TO DO – Could you set down the listing below exactly, leaving out its pictures?

═════ INFORMATION PROVIDED ═════

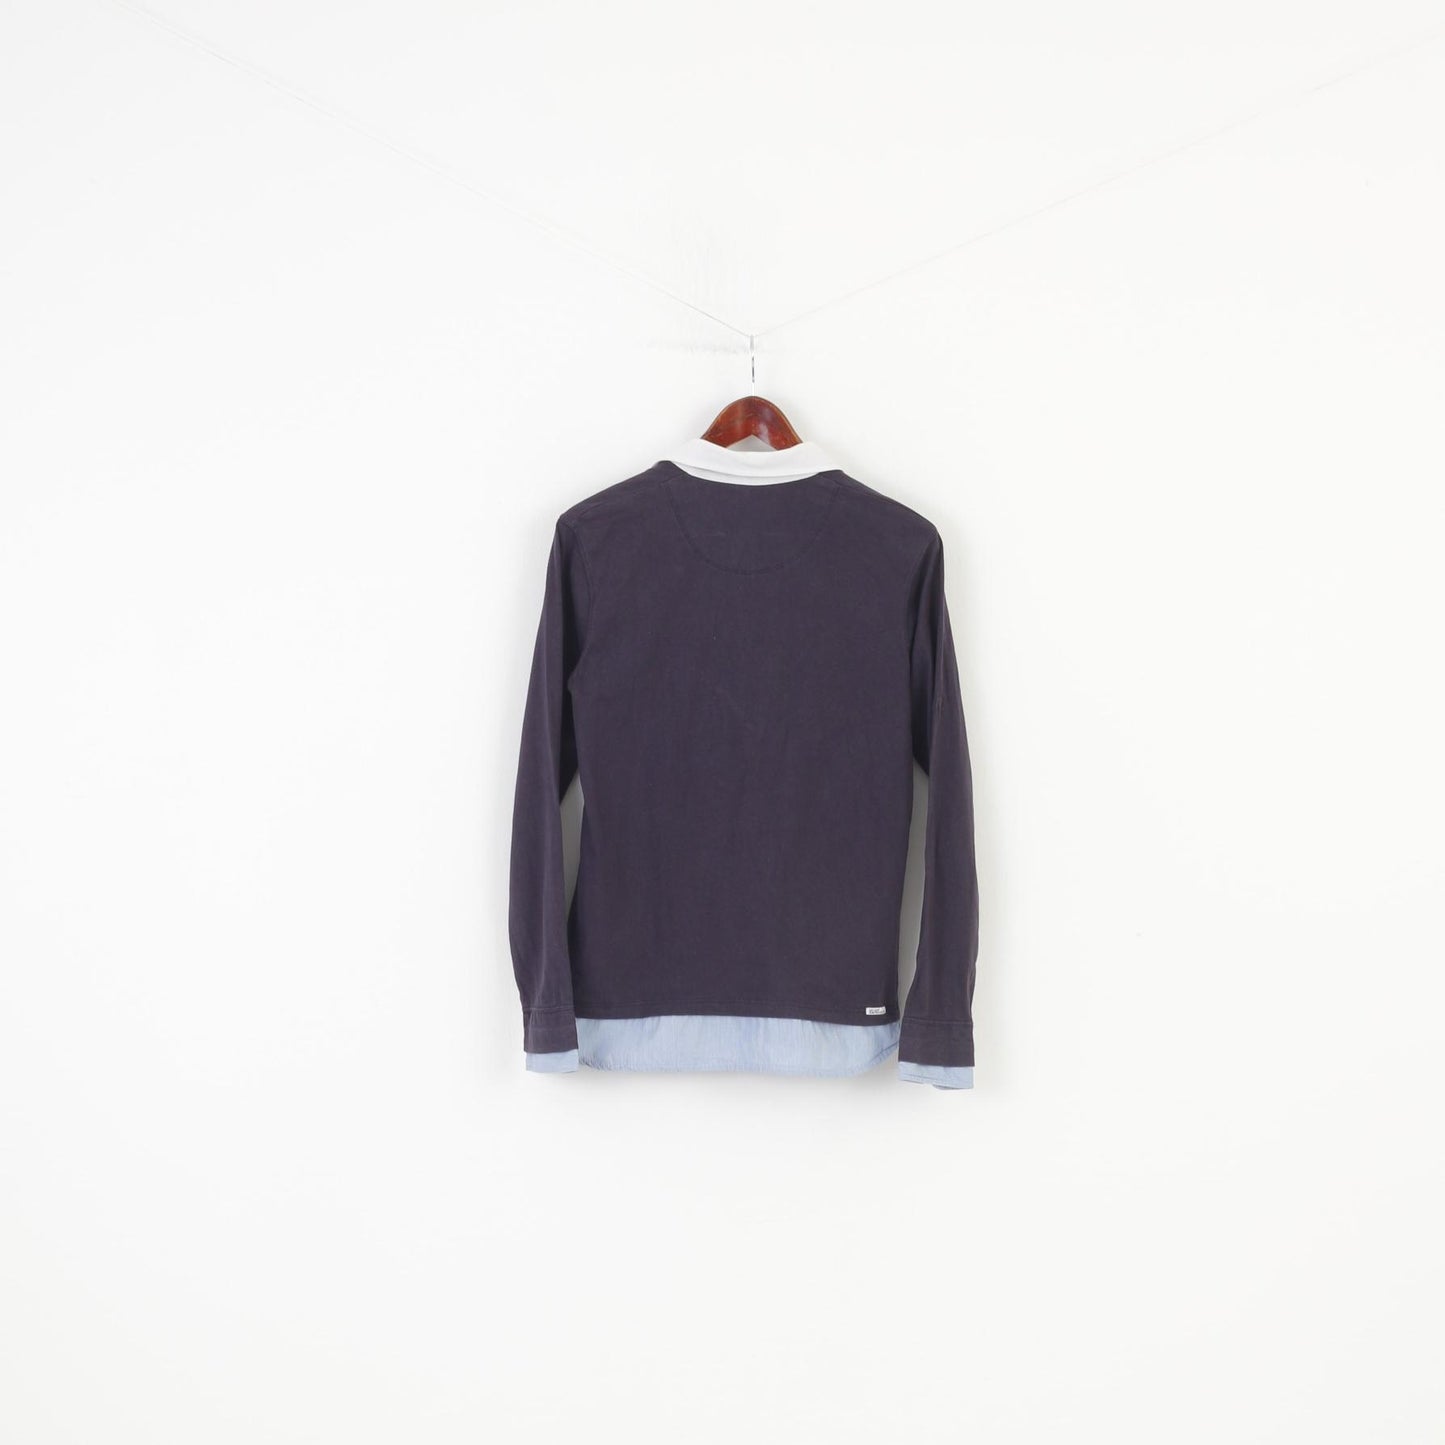 Timberland Boys 16 Age M Polo Shirt Navy Blue Long Sleeve Cotton Collar Elegant Top
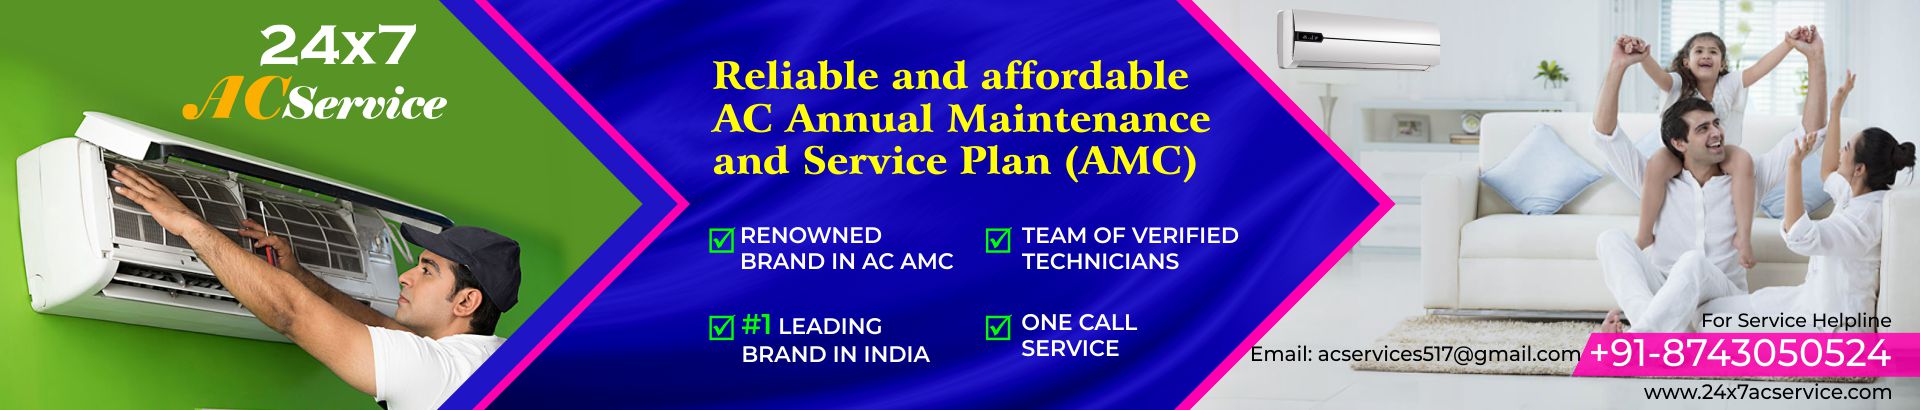 ac annual maintenance service
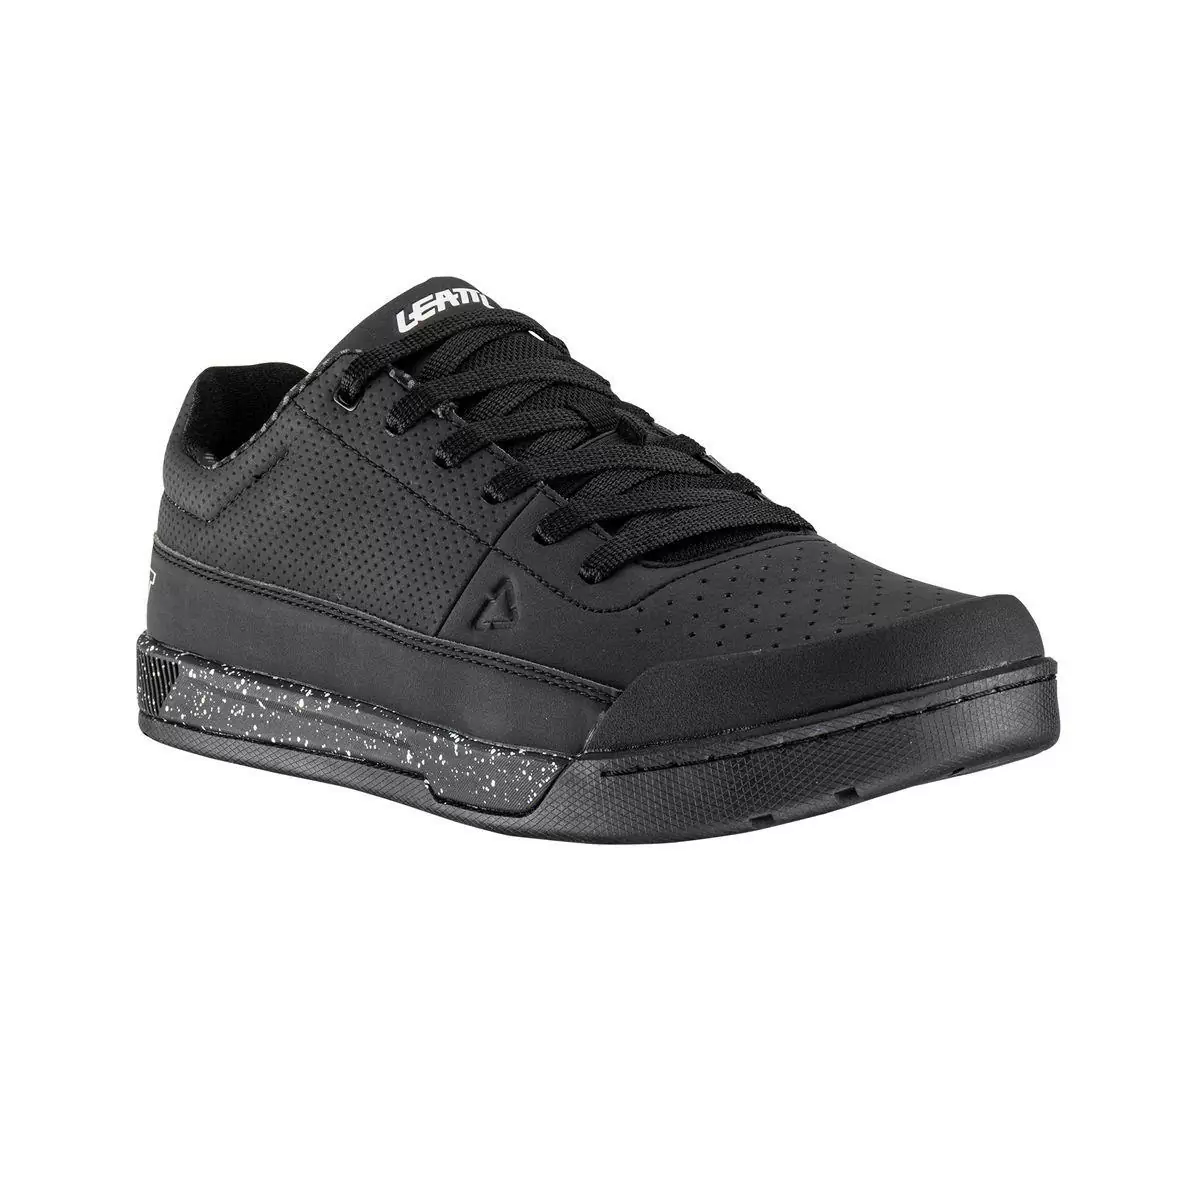 Mtb Shoes 2.0 Flat Black Size 43 #1

═════

RESPONSE FOR THIS EXERCISE –
 Timberland Boys 16 Age M Polo Shirt Navy Blue Long Sleeve Cotton Collar Elegant Top
 ac annual maintenance service
 Mtb Shoes 2.0 Flat Black Size 43 #1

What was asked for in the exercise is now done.